Discretisation of a stochastic continuum equation of ion-sputtered surfaces

TL;DR

This paper develops a discretised numerical approach for simulating the complex, noisy Kuramoto-Sivashinsky type equation modeling ion-sputtered surface evolution, enabling exploration of diverse sputtering regimes.

Contribution

It introduces a discretisation method for the generalised continuum model, facilitating direct numerical simulations across various sputtering conditions.

Findings

Discretisation allows simulation of previously uncharacterized regimes.

Approximation errors and implementation details are analyzed.

Results are applicable to diverse surface evolution scenarios.

Abstract

The generalised continuum theory model of the dynamical evolution of surfaces sputtered by ion-bombardment is a noisy Kuramoto-Sivashinsky type partial differential equation.
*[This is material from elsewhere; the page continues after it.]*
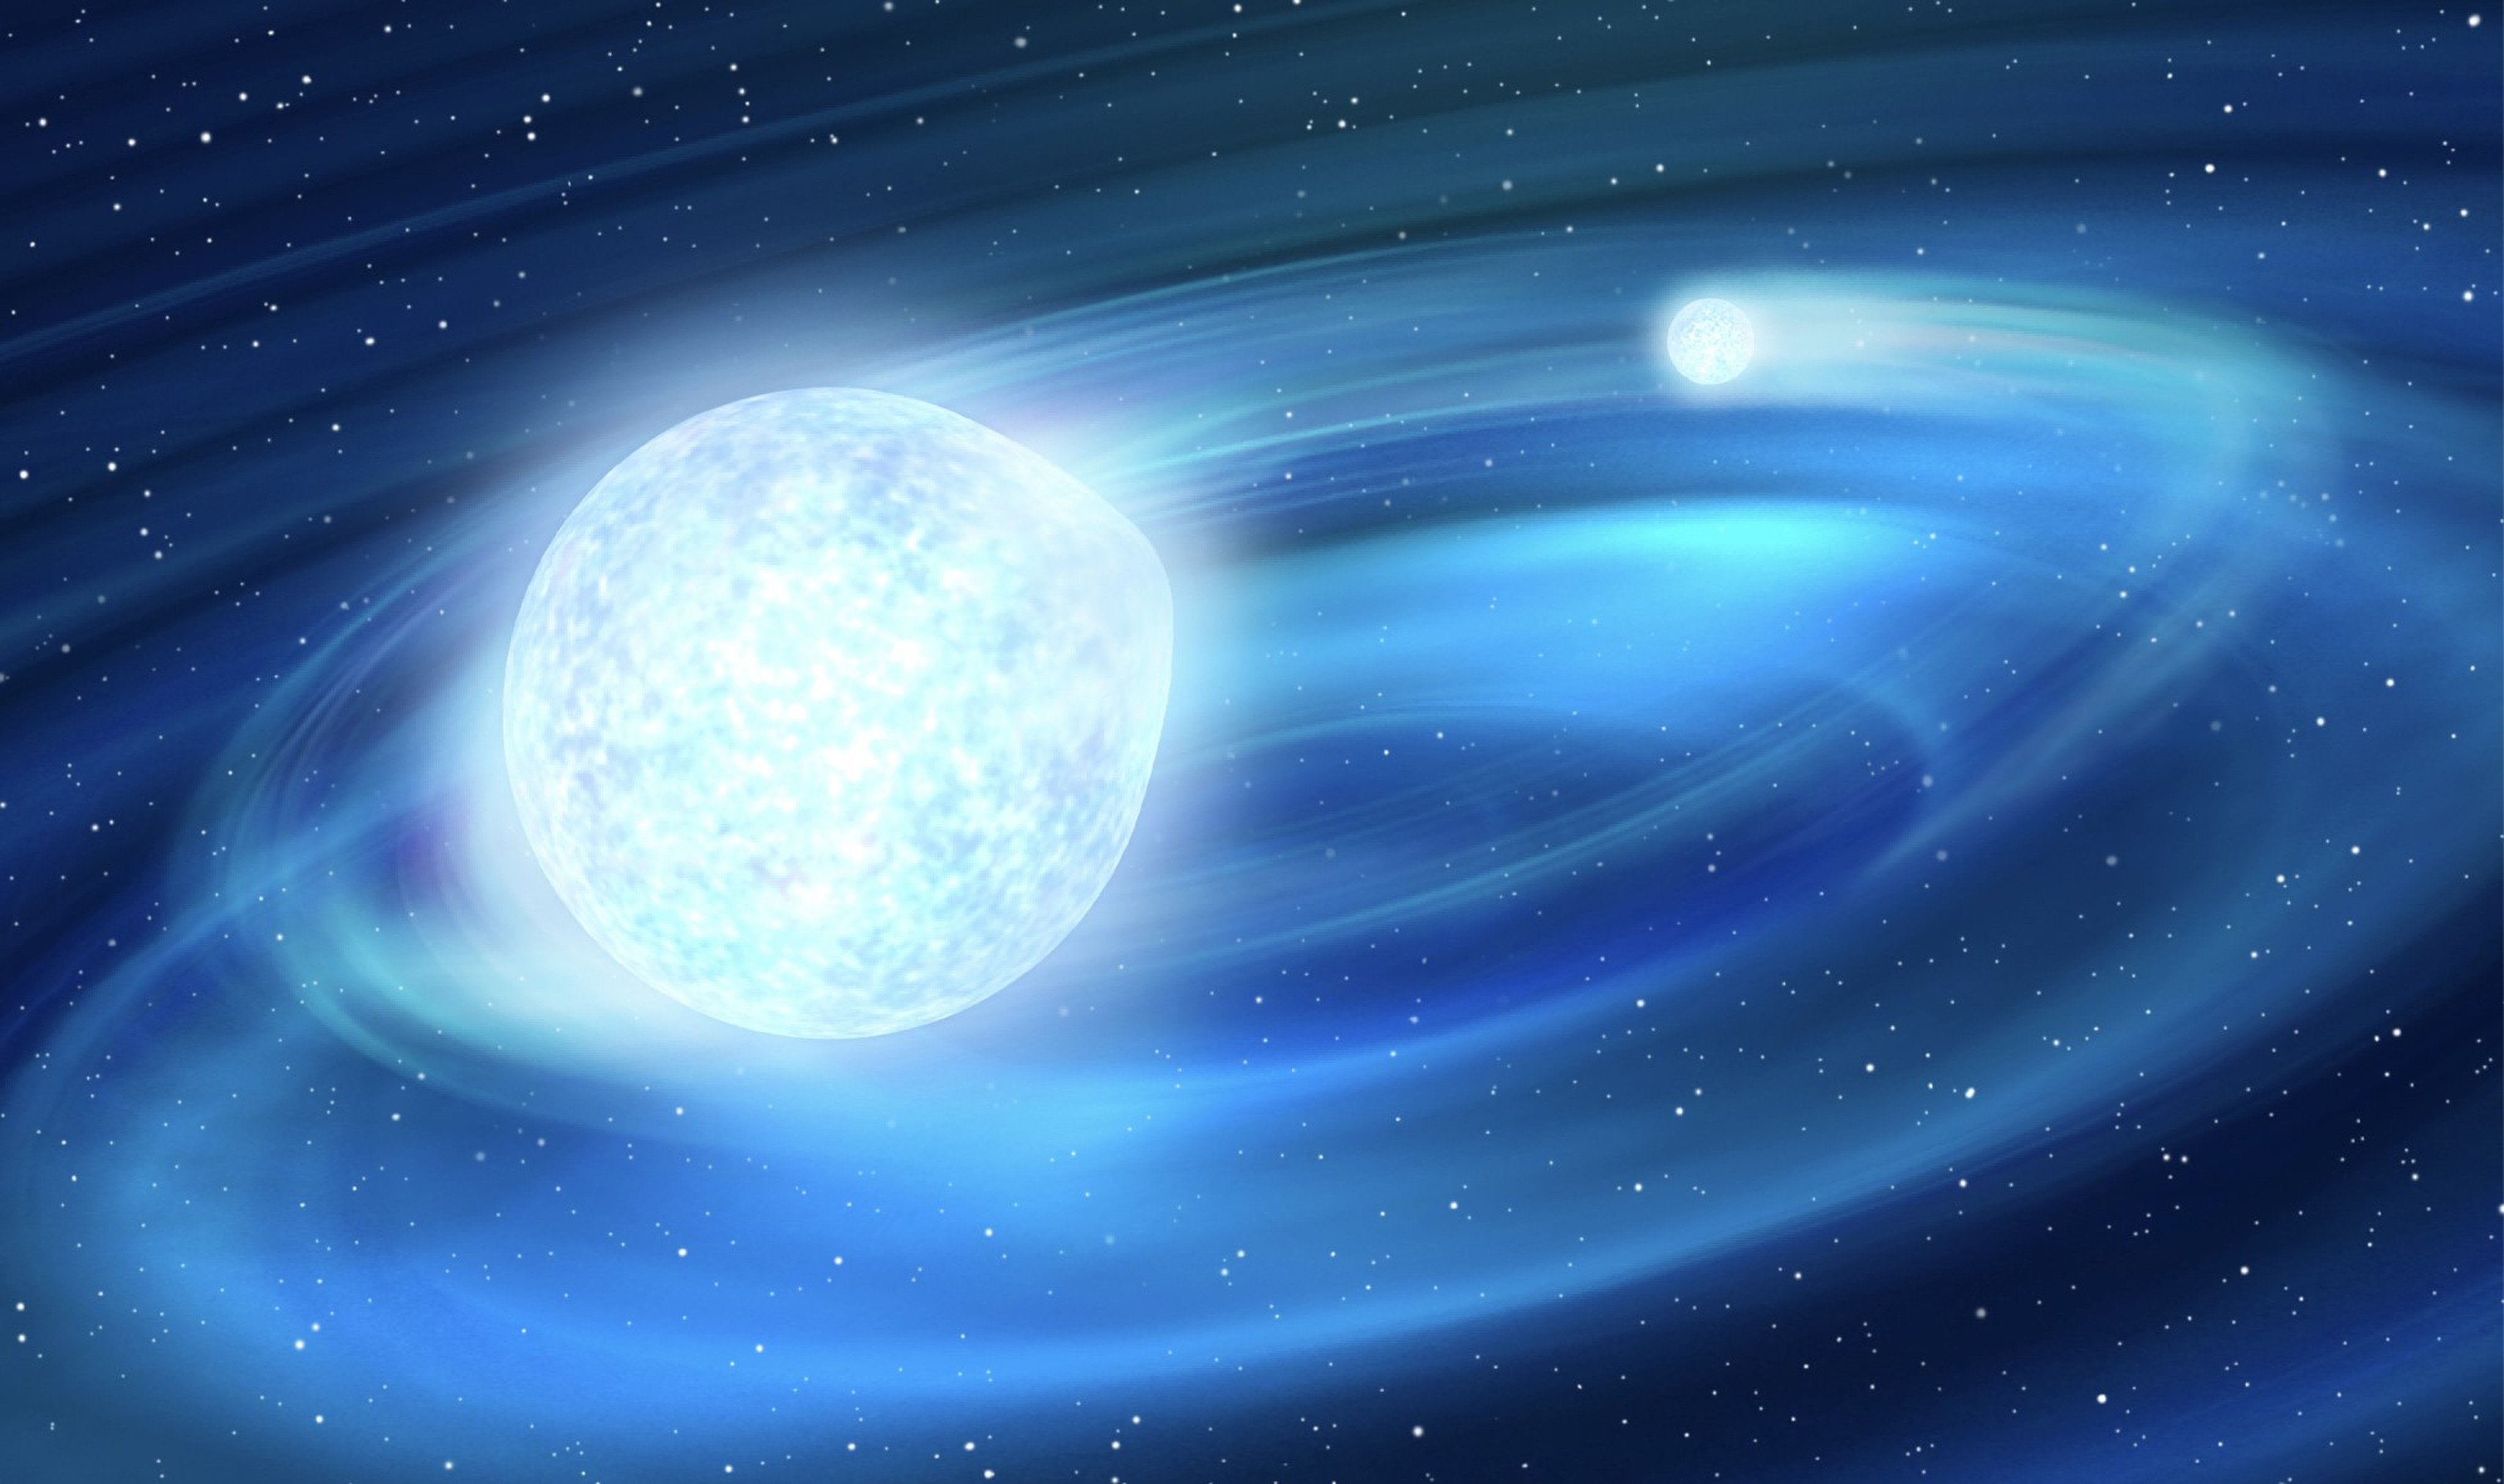 An artist’s impression of the binary star system detected by an international team led by researchers at Tsinghua University in China. Illustration: Beijing Planetarium

For some generic cases of sputtering parameters, existing similar equations have shed a great deal of light and therefore provided some understanding of the intricacies of evolving ion-sputtered surfaces without a direct solution of the generalised model. However, recent results have demonstrated a wider range of scaling regimes of the sputtering conditions, a large number of which have no similar existing solved models in other research fields for comparison, and whose characteristics are therefore largely unknown. In this paper, a discretisation of the generalised continuum model is performed for direct numerical simulations, the results of which are applicable to all manner of simulations required for the different possible scenarios in the dynamical evolution of sputtered surfaces. The approximation errors and implementation of the results in any such simulation are also discussed.